3.4 Survey of Prohibitions on the Complex Schemes Which Come From Topology

Recall that $l$ denotes the total number of ovals on the curve. The following theorem is a reformulation of 3.2.E.

3.4.A. (See 2.6.A)   A curve with empty real point set is of type II.

3.4.B (See 2.6.C)   If the curve is of type I, then

$$l\equiv \left[\frac m2\right]\mod 2.$$

3.4.C. Rokhlin Complex Orientation Formula (see 2.7.C))   Let $A$ be a nonsingular curve of type I and degree $m$. Then

$$\int (i_{\mathbb{R}A}(x))^2 d\chi(x)=\frac{m^2}4$$

Extremal Properties of Harnack's Inequality

3.4.D. (Cf. 2.6.B)   Any M-curve is of type I.

3.4.E. Kharlamov-Marin Congruence.   Any $(M-2)$-curve of even degree $m=2k$ with

$$p-n\equiv k^2+4\mod 8$$

is of type I.

Extremal Properties of the Refined Arnold Inequalities

3.4.F   If $m\equiv 0\mod 4$ and $p^-+p^0=\frac{(m-2)(m-4)}8+1$, then the curve is of type I.

3.4.G   If $m\equiv 0\mod 4$ and $n^-+n^0=\frac{(m-2)(m-4)}8$, then the curve is of type I.

Extremal Properties of the Viro-Zvonilov Inequality

3.4.H   Under the hypothesis of 3.3.P, the curve is of type I.

Congruences

3.4.I. Nikulin-Fiedler Congruence.   If $m\equiv 0\mod 4$, the curve is of type I, and every even oval has even characteristic, then $p-n\equiv 0\mod 8$.

The next two congruences are included violating a general promise given at the beginning of the previous section. There I promised exclude prohibitions which follow from other prohibitions given here. The following two congruences are consequences of Rokhlin's formula 3.4.C. The first of them was discovered long before 3.4.C. The second was overlooked by Rokhlin in [Rok-74], where he even mistakenly proved that such a result cannot exist. Namely, Rokhlin proved that the complex orientation formula does not imply any result which would not follow from the prohibitions known by that time and could be formulated solely in terms of the real scheme. Slepian congruence 3.4.K for M-curves is the only counter-example to this Rokhlin's statement. Slepian was Rokhlin's student, he discovered a gap in Rokhlin's arguments and deduced 3.4.K.

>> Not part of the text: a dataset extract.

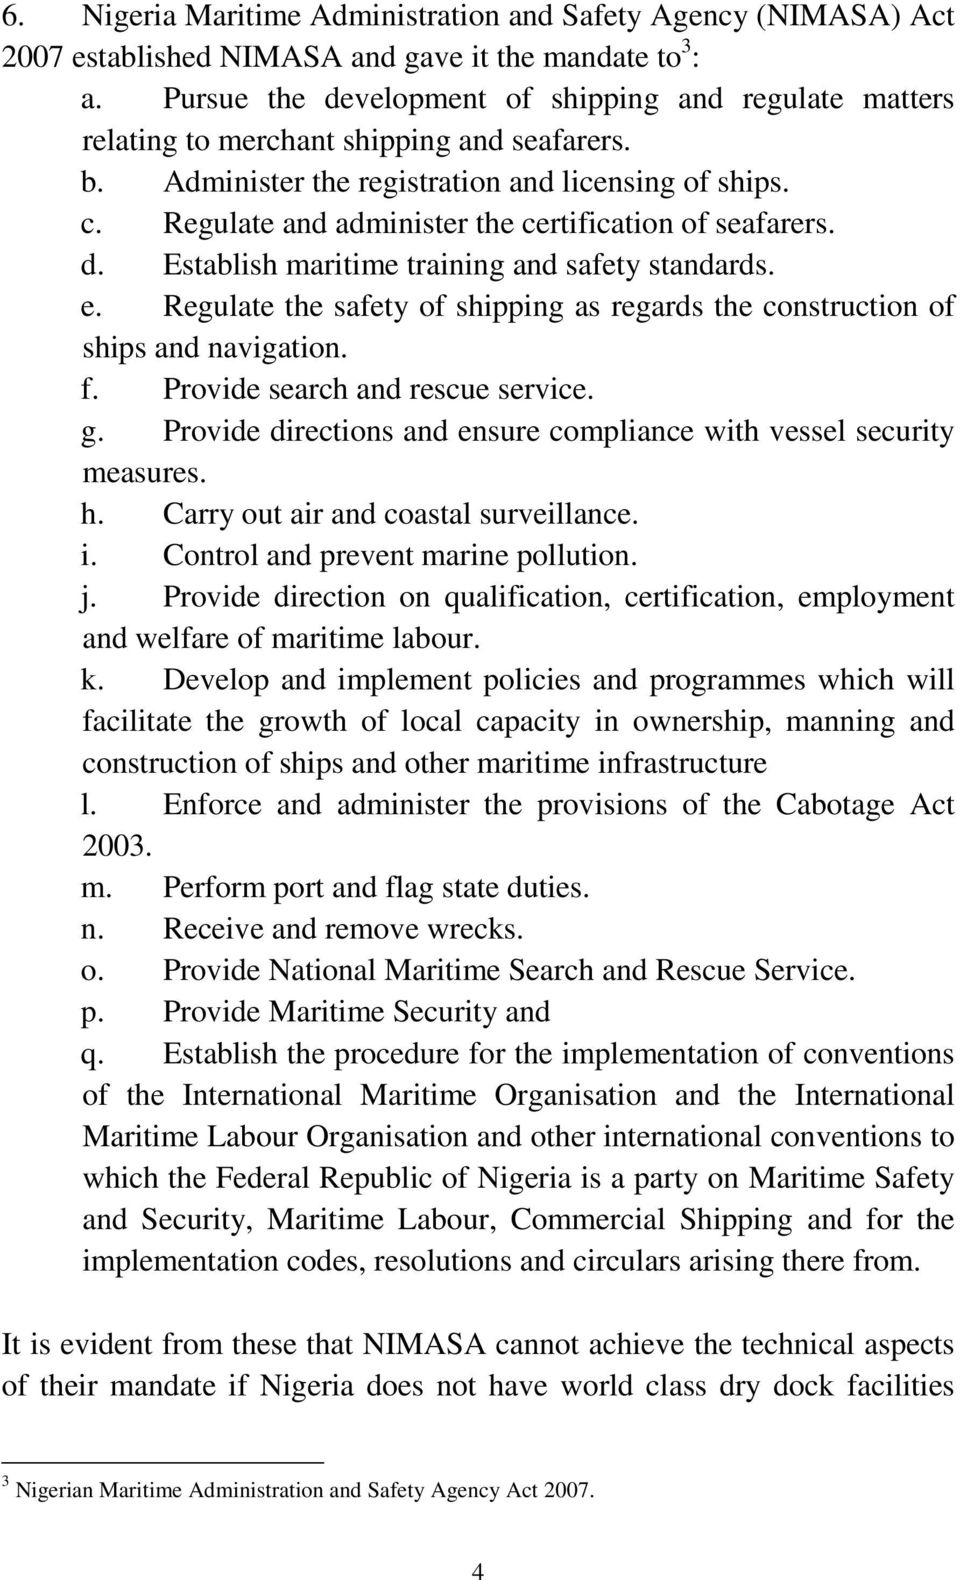 Regulate and administer the certification of seafarers. d. Establish maritime training and safety standards. e. Regulate the safety of shipping as regards the construction of ships and navigation. f.

3.4.J. Arnold Congruence (see 2.7.D))   If $m$ is even and the curve is of type I, then

$$p-n\equiv \frac{m^2}4\mod 4.$$

3.4.K. Slepian Congruence.   If $m$ is even, the curve is of type I, and every odd oval has even characteristic, then

$$p-n\equiv \frac{m^2}4\mod 8.$$

Rokhlin Inequalities

Denote by $\pi$ and $\nu$ the number of even and odd nonempty ovals, respectively, bounding from the outside those components of the complement of the curve which have the property that each of the ovals bounding them from the inside envelops an odd number of other ovals.

3.4.L   If the curve is of type I and $m\equiv 0\mod 4$, then

$$4\nu+p-n\le \frac{(m-2)(m-4)}2+4.$$

3.4.M   If the curve is of type I and $m\equiv 2\mod 4$, then

$$4\pi+n-p\le \frac{(m-2)(m-4)}2+3.$$